Сделать то же и с табаком было несложным, но в конце концов курить или не курить это личное дело каждого, остальным это жить по большому счету не мешает. Может быть, верхи и должны были сделать все возможное, чтобы эта отрава не попадала в руки подростков, но…разве стоит ради этих сомнительных идеалов терять столько денег?
С проституцией ситуация была схожая. Крайне глупо это все было, говорить об очередных рейдах, мерах борьбы, когда открыв любую газету можно было найти с десяток объявлений об «эскорт услугах».
Но из общей серой массы никто никогда и не задумывался о том, что попустительство в отношение табака и проституции, это банальное желание срубить еще немного денег. Не укладывалось это в их тесные мирки с доброй, пекущейся о них властью. В крайнем случае, они верили, что те, кто сидит у самых истоков власти делает все, что может, но те, кто пониже, просто не выполняют эти поручения так, как надо.

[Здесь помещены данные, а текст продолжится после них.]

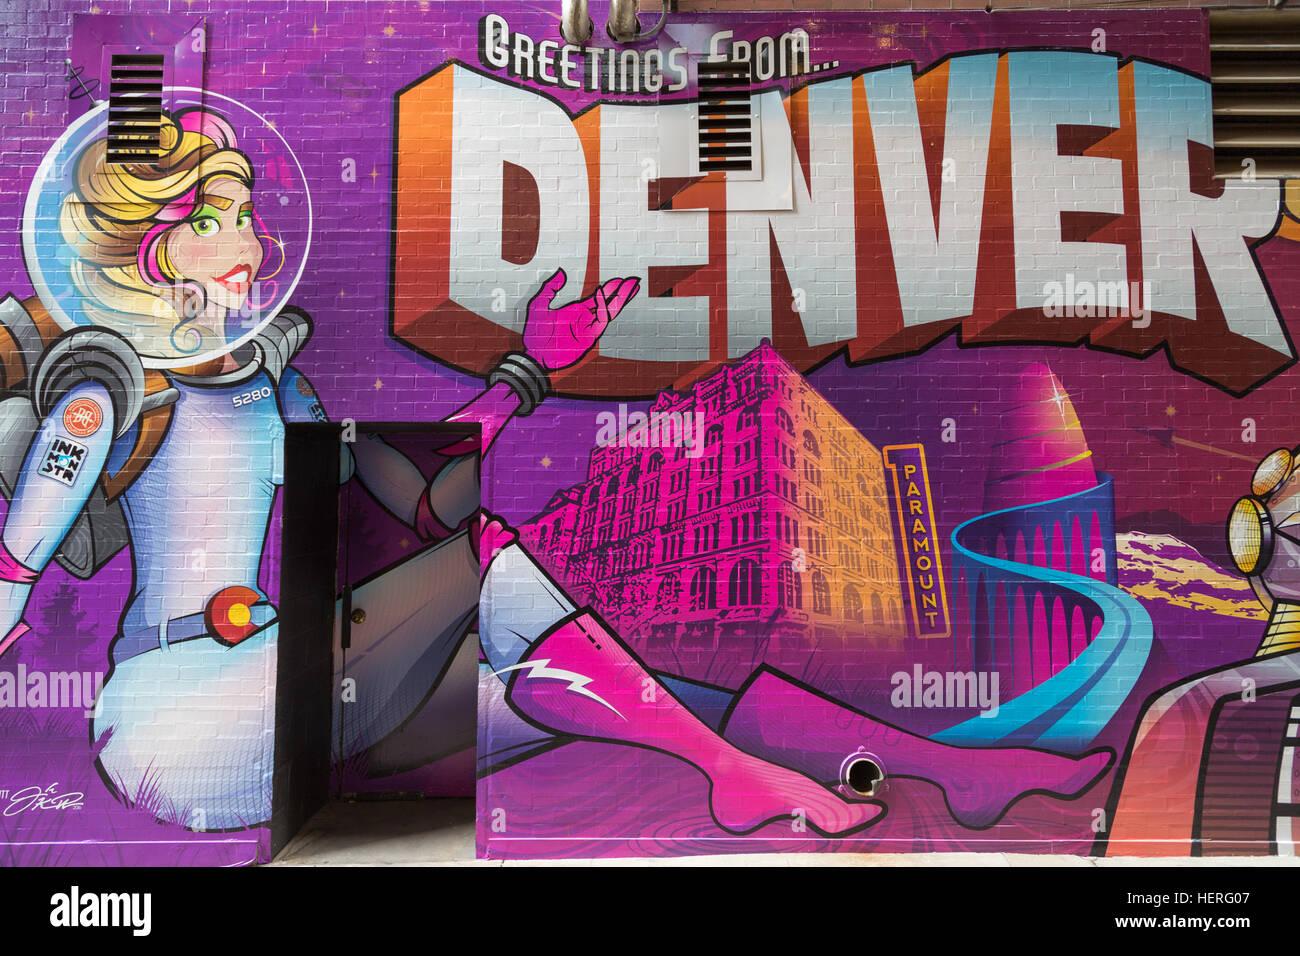 Graffiti, Lower Downtown, Denver, Colorado, USA - Stock Image

Афанасий Михайлович так и сидел на кровати, погруженный в собственные думы, сидел уже очень долго. Наконец он заметил, что все это Алешка стоял рядом, молча, с покорной и радостной улыбкой, тихо, боясь пошевелиться, держа в руках уже изрядно поостывший завтрак. «Хороший парень, - подумал Афанасий Михайлович, – далеко пойдет».
– Алешка, давай ко мне сюда свои справки. Посмотрим кто тебя ко мне направил. И сходи за другим завтраком. Сейчас, поем, и сходим, посмотрим, что у вас там за гений объявился.
Глава II
Сама жизнь в селении была построена на пережитках прошлого. Подмазана, подкрашена. Это была архаичная структура, подправленная косметическим ремонтом. Лишь для того, чтобы радовать глаз стороннего наблюдателя. Ремонт этот был сделан из понятий и законов дальних стран, стран с непонятным, и до сих неизвестным укладом. А основа осталась неизменной. Нет, что-то конечно изменилось. Но власть осталось той же, непоколебимой, монументальной.
Власть и не могла измениться. Скорее не должна. Была неразрывно связана с народом, росла из него, и благосклонно кидала ему лишь те пожитки и привилегии, за которые народ был готов умереть.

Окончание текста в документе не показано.